● **DATA FOR PROCESSING**
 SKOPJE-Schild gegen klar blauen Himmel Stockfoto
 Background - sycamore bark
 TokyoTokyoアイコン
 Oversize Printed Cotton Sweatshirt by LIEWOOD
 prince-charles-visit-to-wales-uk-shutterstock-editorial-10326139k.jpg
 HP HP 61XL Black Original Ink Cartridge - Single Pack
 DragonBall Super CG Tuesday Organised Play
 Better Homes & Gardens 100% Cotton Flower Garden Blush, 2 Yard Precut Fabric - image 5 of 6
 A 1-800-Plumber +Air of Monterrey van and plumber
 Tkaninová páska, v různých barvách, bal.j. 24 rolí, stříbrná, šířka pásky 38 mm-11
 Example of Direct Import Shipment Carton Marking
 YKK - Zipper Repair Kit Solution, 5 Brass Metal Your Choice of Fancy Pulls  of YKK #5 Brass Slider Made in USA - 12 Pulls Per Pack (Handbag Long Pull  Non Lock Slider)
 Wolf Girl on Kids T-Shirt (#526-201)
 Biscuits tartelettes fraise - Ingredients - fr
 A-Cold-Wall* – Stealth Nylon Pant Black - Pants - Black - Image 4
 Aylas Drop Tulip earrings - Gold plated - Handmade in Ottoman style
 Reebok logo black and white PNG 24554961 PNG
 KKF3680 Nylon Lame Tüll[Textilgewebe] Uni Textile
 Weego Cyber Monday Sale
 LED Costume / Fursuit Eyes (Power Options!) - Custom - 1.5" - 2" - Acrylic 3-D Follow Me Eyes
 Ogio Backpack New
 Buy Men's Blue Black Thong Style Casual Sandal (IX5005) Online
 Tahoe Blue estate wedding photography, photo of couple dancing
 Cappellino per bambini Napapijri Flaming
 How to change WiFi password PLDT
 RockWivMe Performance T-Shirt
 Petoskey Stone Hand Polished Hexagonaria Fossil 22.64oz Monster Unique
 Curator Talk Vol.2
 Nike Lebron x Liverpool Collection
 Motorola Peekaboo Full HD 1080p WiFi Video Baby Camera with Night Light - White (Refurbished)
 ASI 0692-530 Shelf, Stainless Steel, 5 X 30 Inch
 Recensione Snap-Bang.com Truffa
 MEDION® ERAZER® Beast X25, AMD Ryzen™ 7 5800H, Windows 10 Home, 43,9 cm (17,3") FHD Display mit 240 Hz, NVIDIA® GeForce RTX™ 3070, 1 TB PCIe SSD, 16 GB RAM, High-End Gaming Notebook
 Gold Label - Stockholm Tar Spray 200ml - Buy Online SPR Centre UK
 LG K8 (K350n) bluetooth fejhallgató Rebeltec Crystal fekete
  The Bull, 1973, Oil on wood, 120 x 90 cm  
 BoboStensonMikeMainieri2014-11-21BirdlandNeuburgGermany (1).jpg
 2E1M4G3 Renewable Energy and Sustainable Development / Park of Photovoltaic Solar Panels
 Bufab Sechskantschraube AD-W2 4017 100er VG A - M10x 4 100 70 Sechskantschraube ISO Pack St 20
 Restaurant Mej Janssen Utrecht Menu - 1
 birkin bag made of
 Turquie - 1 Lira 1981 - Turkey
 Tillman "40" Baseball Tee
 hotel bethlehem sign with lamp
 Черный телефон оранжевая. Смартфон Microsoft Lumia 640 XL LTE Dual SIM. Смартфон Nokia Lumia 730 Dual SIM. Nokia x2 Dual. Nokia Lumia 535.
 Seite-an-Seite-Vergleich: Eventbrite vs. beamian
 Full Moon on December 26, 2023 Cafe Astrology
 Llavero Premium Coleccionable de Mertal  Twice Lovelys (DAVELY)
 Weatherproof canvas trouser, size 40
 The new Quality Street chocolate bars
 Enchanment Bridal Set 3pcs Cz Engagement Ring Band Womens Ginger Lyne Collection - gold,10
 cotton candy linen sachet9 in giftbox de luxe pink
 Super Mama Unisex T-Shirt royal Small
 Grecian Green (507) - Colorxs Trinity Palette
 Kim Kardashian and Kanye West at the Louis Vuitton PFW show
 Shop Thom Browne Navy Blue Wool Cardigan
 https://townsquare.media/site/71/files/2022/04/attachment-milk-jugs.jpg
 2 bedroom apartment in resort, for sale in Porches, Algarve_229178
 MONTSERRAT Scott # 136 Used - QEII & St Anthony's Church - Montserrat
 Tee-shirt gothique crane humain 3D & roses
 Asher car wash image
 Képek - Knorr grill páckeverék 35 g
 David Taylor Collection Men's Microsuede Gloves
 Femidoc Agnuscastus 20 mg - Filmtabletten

● **WHAT YOU HAVE TO DO**
Starting at the line with "Asher car wash image", retype each line through the final one in the data above, unchanged and with nothing added.

● **ANSWER SPACE**
 Asher car wash image
 Képek - Knorr grill páckeverék 35 g
 David Taylor Collection Men's Microsuede Gloves
 Femidoc Agnuscastus 20 mg - Filmtabletten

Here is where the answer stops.